핵심 인사이트 (Cloudflare RFC #1257 framing):

Client-side resume (이미 발행된 event 다시 받기): Redis Streams / Postgres event table / DO SQLite 모두 풀 수 있음. 어렵지 않음.
Server-side resume that doesn't re-bill (provider stream 중간에 끊긴 inference를 토큰 재과금 없이 이어붙임): 아무도 OSS로 완벽히 못 풀고 있음. Cloudflare가 AI Gateway를 durable response buffer로 만들겠다고 RFC에서 선언한 게 바로 이 영역. OpenAI background는 vendor 안에서만 해결.

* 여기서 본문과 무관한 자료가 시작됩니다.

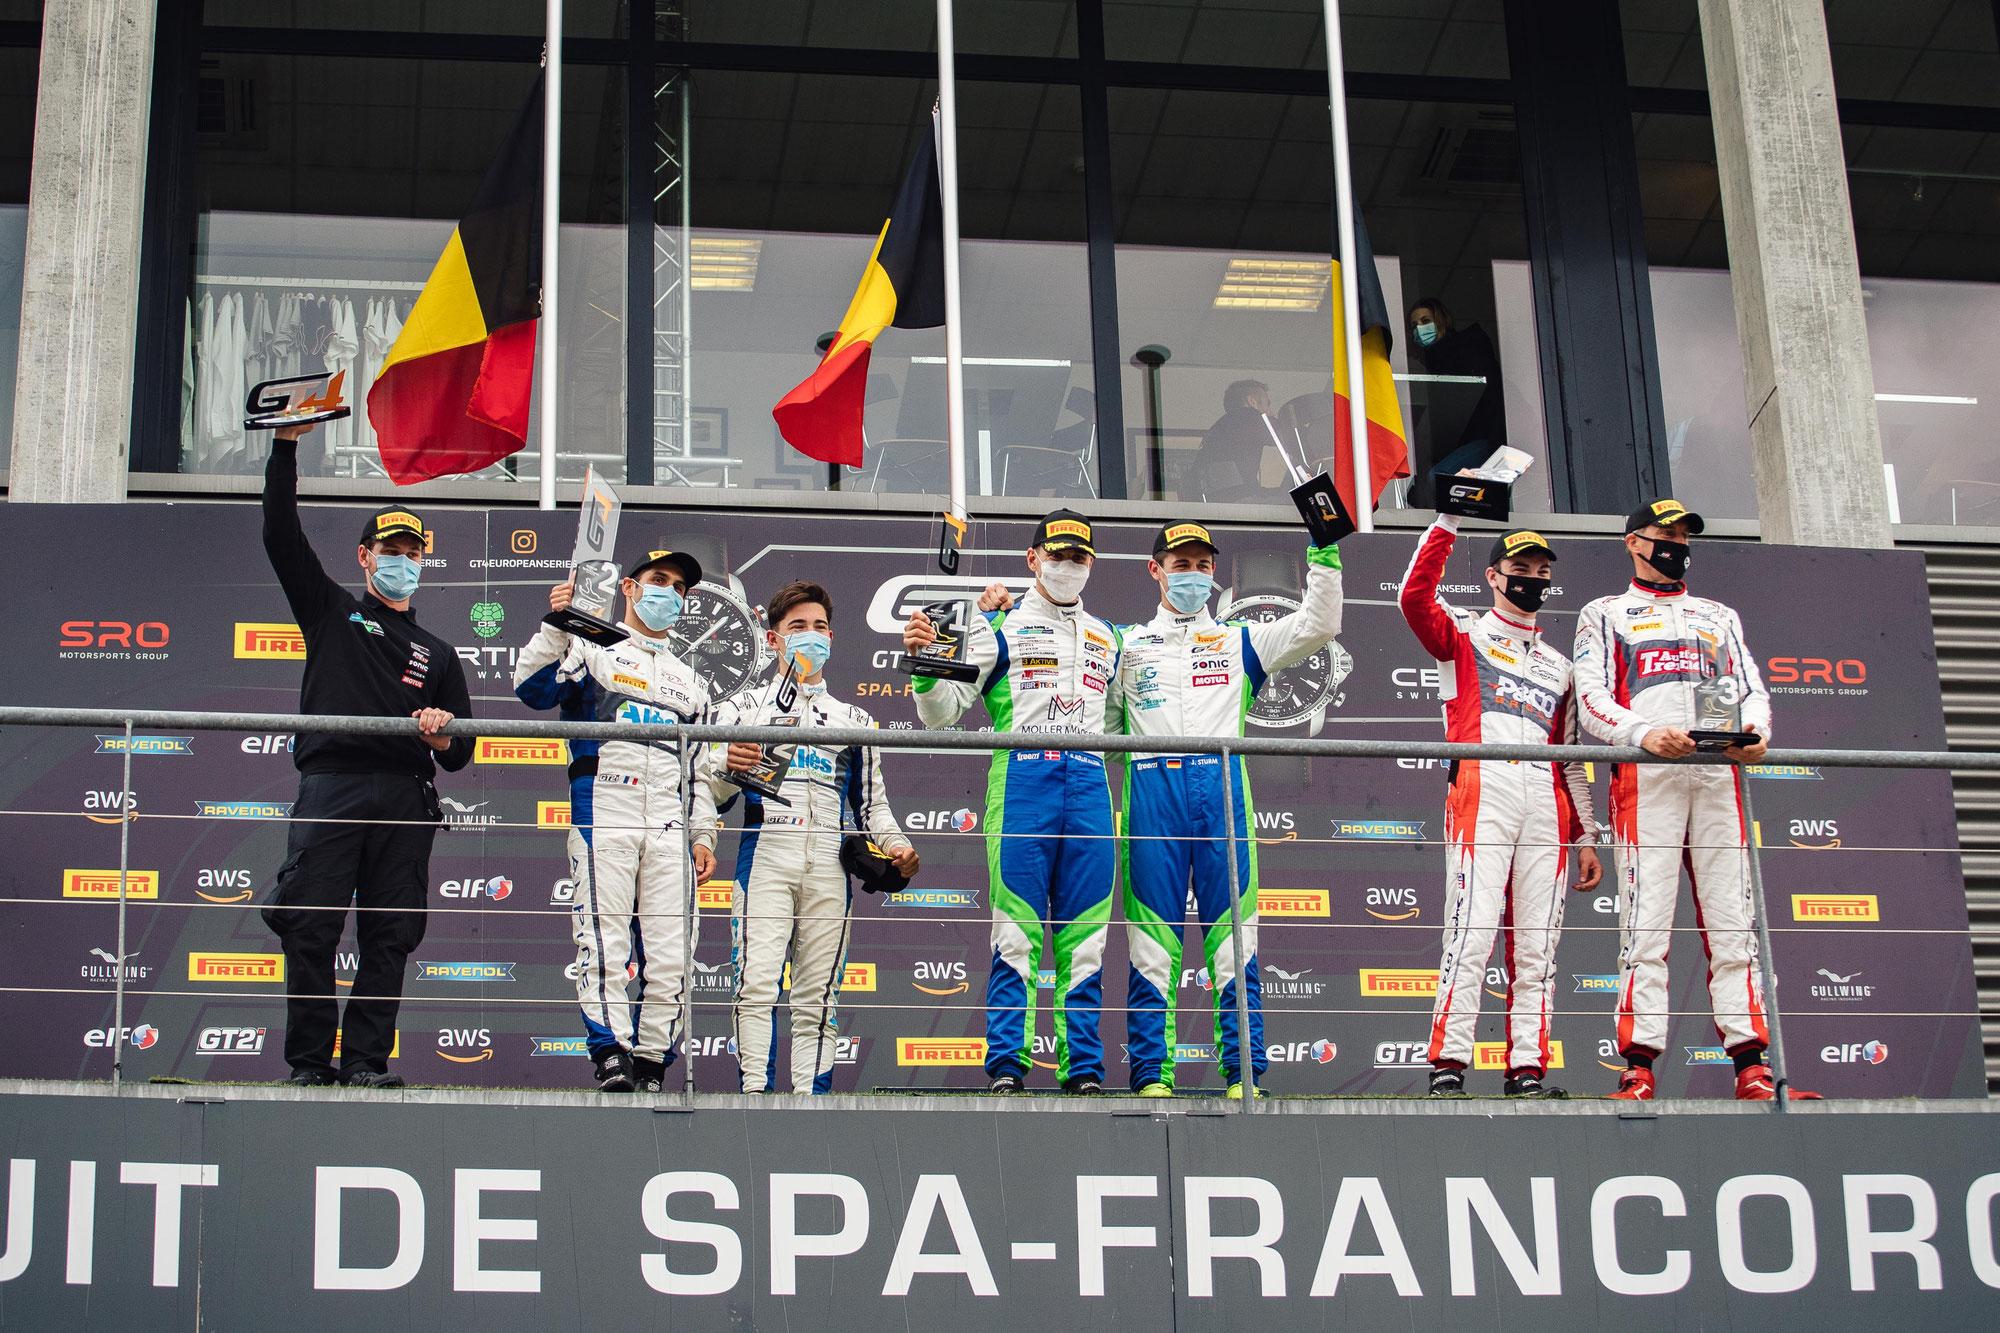 GT4 European Series, round 4: Joel Sturm siegt souverän in Spa-Francorchamps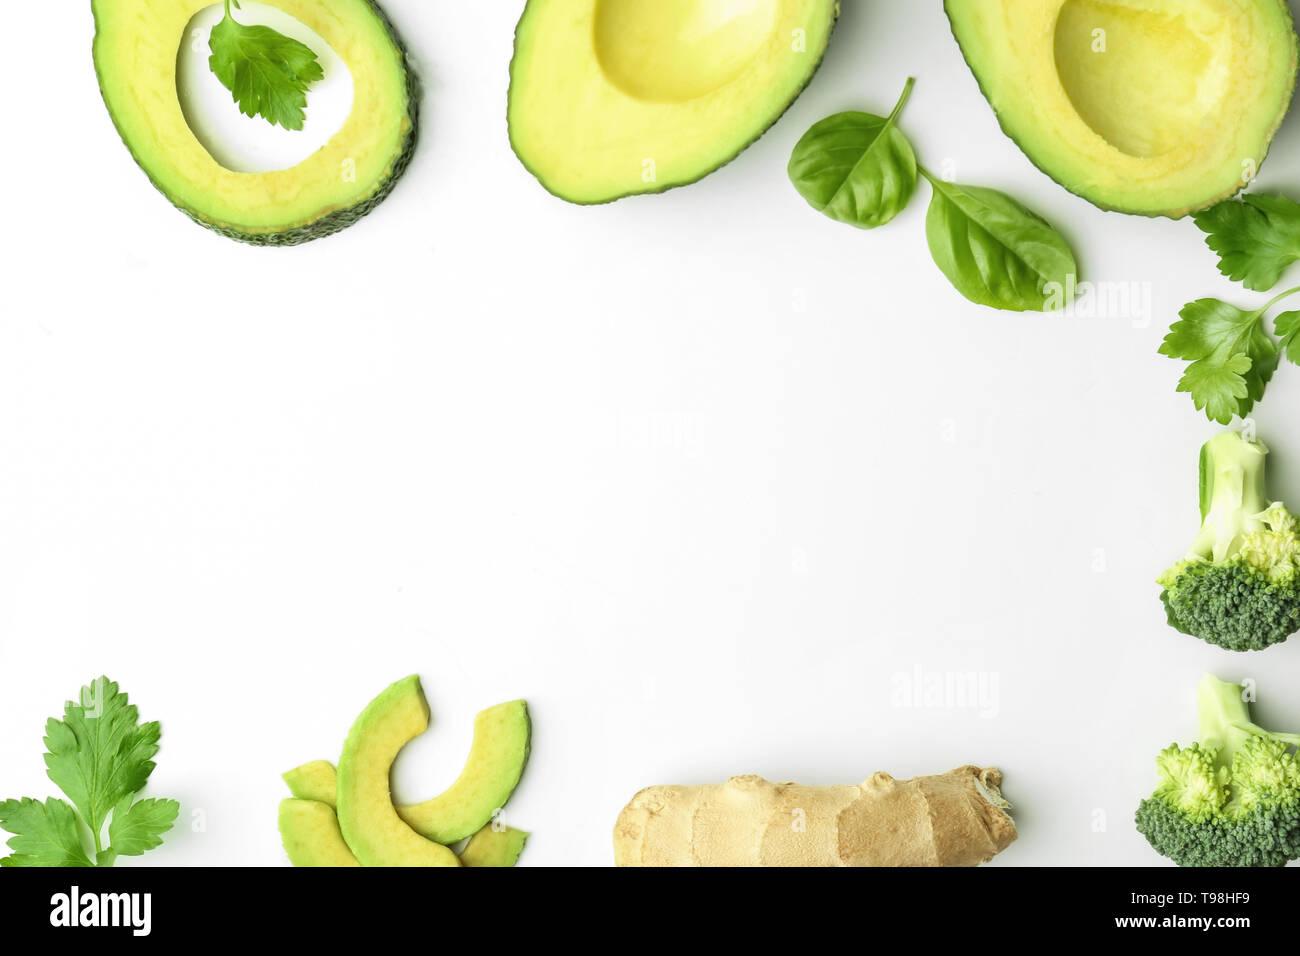 Frame made of sliced avocado on white background - Stock Image

→ 이 표가 말하는 본질: "durable" 한 단어로 묶지 말고 장애 시나리오별로 가격이 다른 보장이라고 봐야 함. 우리 워크로드가 어느 칸까지 필요한지 골라야 함.

Streaming event 표준

durable log를 다른 시스템에서 안정적으로 소비하려면 event type을 미리 표준화해야 한다. LangGraph Platform streaming docs, OpenAI Responses streaming, Inngest realtime, Cloudflare DO chunk schema를 가로지르면 이름은 달라도 9가지 카테고리로 수렴:

Event	발생 주체	UI 의미	저장
`run.started`	API	run 시작	DB
`node.started` / `node.completed`	Worker	graph 진행 단계	trace + optional DB
`token.delta`	Worker	답변 streaming	Redis relay
`tool.requested` / `tool.completed`	Worker / MCP	tool 호출	감사 DB
`approval.required` / `approval.decided`	Worker / API	HITL gate	DB
`run.completed` / `run.failed`	Worker / API	종료	DB

재연결 원칙: UI가 stream을 놓치면 run_id + Last-Event-ID로 재연결. Redis Pub/Sub만으론 과거 replay 안 됨. replay 요구가 강하면 최근 event를 별도 영속 layer(Postgres event table 또는 Object Storage log chunk)로 보존. LangGraph Platform 공식 docs는 thread stream resume을 Last-Event-ID로 공식 지원한다고 명시하지만 내부 구현은 비공개. OSS로 재현 시 Postgres event table이 가장 흔한 선택지, Cloudflare Agents는 같은 추상을 actor-local SQLite로 푼다 (Cloudflare AIChatAgent docs).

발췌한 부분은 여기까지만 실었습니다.